The St. Francis flows from lake to lake forever, it would seem, with narrow quickwaters and the odd bog between. The rains had soaked us through and the banks were steep and slick with mud.
We were looking forward to coming ashore somewhere near the end of the third day. We finally found a spot out of the rain, on the deck of an ancient cabin. Miracles be, there was a small pile of wood stacked in a dry corner.
We had no choice, we had to burn it. Everything was wet, our clothes, tents, and other stuff. It made no sense to sit there and shiver, this was the only dry wood in the North Woods.
This wood ... it's all about the wood ... was dry but “punky.” The edges and ends of each log shredded like cheese between our fingers. We finally got a fire going, but it turned out to be more like a smolder than a blaze.
We did our best to dry ourselves and our stuff by its anemic flame. But I think we only smoked ourselves and our gear like the natives once did, maybe still do, when curing strips of salmon on drying racks by the fire. We never really dried out till we ran into the Saint John the next day or so, and basked in a warm sun on the American side.
One other time, Aaron and I were way up on the Kedgwick, maybe even in Québec, and it was dry, well, not raining. We camped that night just up from a rocky shore, where beaver-chaw ends and de-barked bracken from alders and such had fetched up in a ragged pile.
It was mostly softwood, dry, and burnt fairly fast, but there sure was lots of it at arm's reach. And it was nearly smokeless. That was a good night, no rain, a soothing spring breeze, and best of all, no bugs.
Then there was the campfire on the shore of the Restigouche. I was with Pete that time.
Over many generations, lumberjacks had man-handled billions of logs down this stream to the mills at river's end. So our wood du jour was pulp logs, and there was no shortage.
It took a lot of coaxing to start the fire, but soon enough, a pile of logs lay simmering, yes simmering, in a heap. They were so wet and rotten, steam and spit spewed in ribbons from the sawed-off ends facing away from the fire's centre.

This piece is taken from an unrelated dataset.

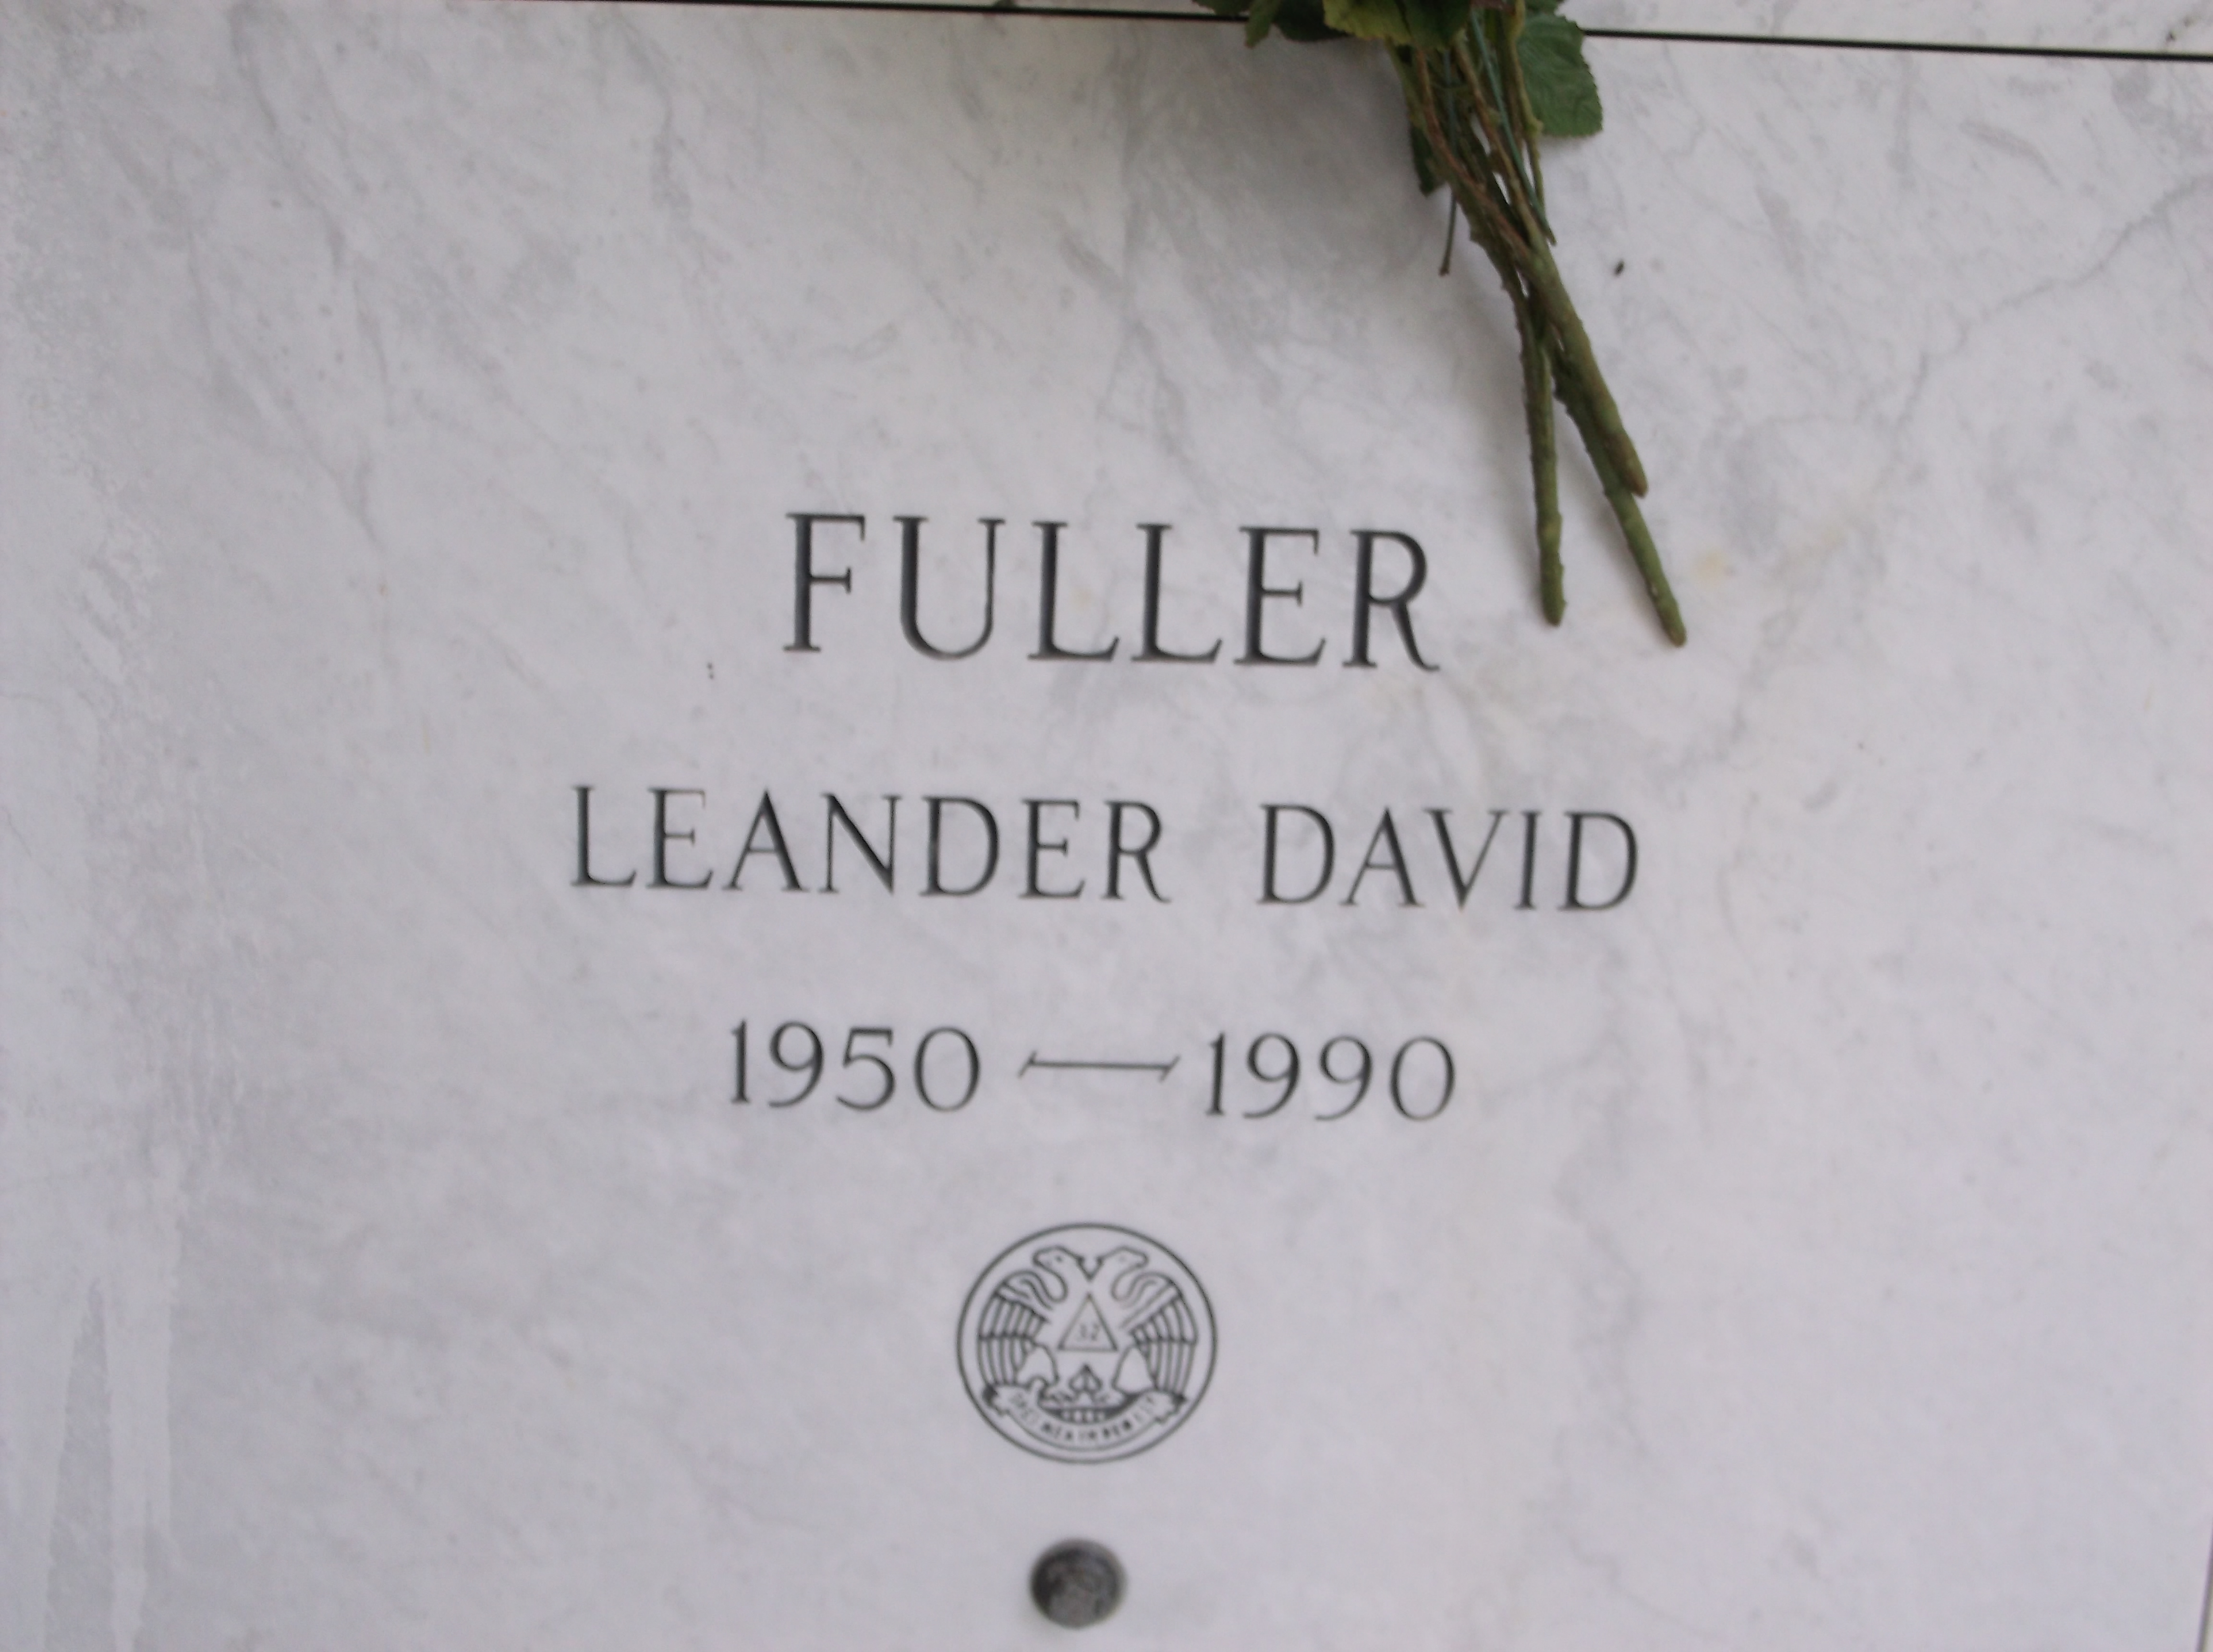 Leander David Fuller

Were the pulp logs “punky” or “doty,” that's the burning question. But they were good enough for us to haul up a stump and stare into the fire, such as it was.
Sometimes the best wood for a campfire is the wood you bring along from home ... as long as you are confident there are no harmful bugs in your “imported” wood that may escape into the ecosystem. This source of wood has saved me and kept me warm many a time on a wet and cold night.
Oh, and I gotta add this. Did you stop and consider why your burning wood snaps, cracks and spits up sparks all the time? Chances are it's because a bug's remains in the wood are going incandescent. Valhalla, baby.
I could go on, you betcha, about how the wood makes the fire, but I think the company we share around the fire is the most important component of all.